Top 100 Chart Placements
Updated 2 years ago
Some records don't knock-they phase in, like a signal hijacking your nervous system mid-thought. Underneath The Frequency / Saltwater Gospel is exactly that kind of intrusion: a slow-burn psychic takeover engineered by Glenn Morrison & Night Waves, two long-haul navigators of the global dancefloor who've spent the better part of 25 years bending crowds to their will. This isn't nostalgia dressed up as relevance-it's the sound of veterans who never left the circuit, still wiring the underground with that same restless voltage. What they've delivered here is a hypnotic house EP that feels less like a collection of tracks and more like a controlled substance-administered in beats per minute, absorbed somewhere between the spine and the subconscious. 'Underneath The Frequency' uncoils with surgical patience, a low-slung groove that creeps through the mix like a coded transmission, equal parts tension and release. It's the kind of track that DJs deploy when the room is teetering-when the crowd needs to be pulled deeper, not lifted out. Then comes 'Saltwater Gospel,' a strange, almost spiritual descent-humid, immersive, and faintly unhinged. There's a ritualistic quality to it, as though the dancefloor has become a congregation and the bassline is delivering sermons in a language nobody speaks but everyone understands. Unsurprisingly, this double-shot of hypnotic intent has already earned heavy rotation from global selectors like Hernan Cattaneo, Sasha & John Digweed, and Nick Warren, rippling through international club charts and late-night sets with quiet authority.
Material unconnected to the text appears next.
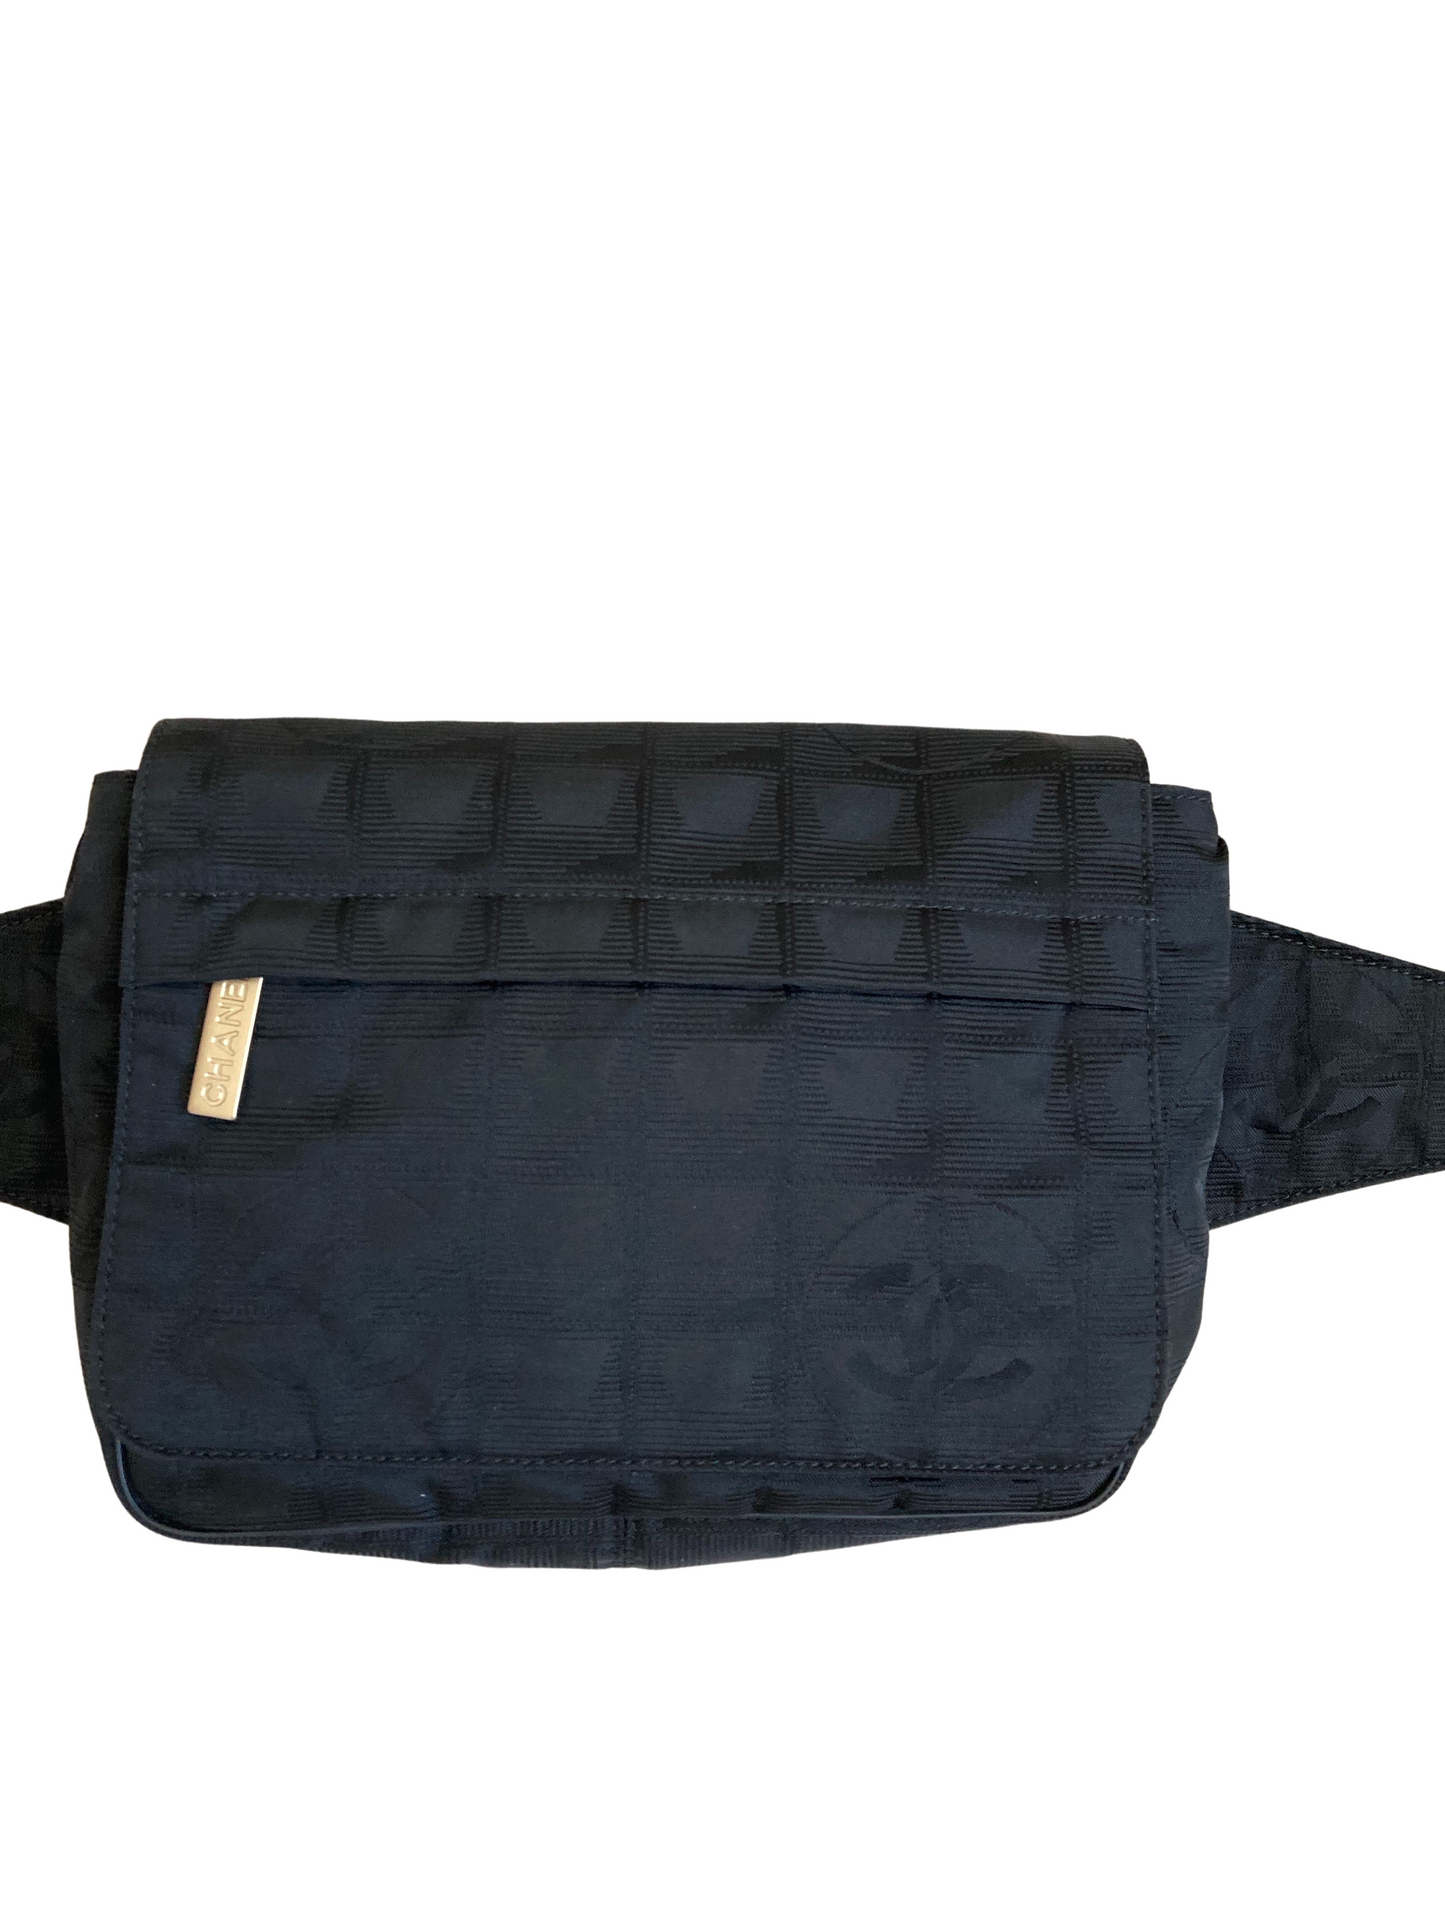 Chanel Travel Line Black Nylon Belt Bag – Kawaii Vintage

Marking the 185th release on Fall From Grace Records, this EP doesn't just add to the catalogue-it reinforces the mythology. The label has carved out a reputation as one of the most uncompromising forces in the underground, a place where depth matters and trend-chasing goes to die. Underneath The Frequency / Saltwater Gospel fits that ethos like a glove dipped in midnight oil: bold, immersive, and unwilling to dilute its vision. In a landscape cluttered with disposable noise, Fall From Grace continues to deal in permanence-and this release is another sharp reminder that the real pulse of club culture still lives far below the surface.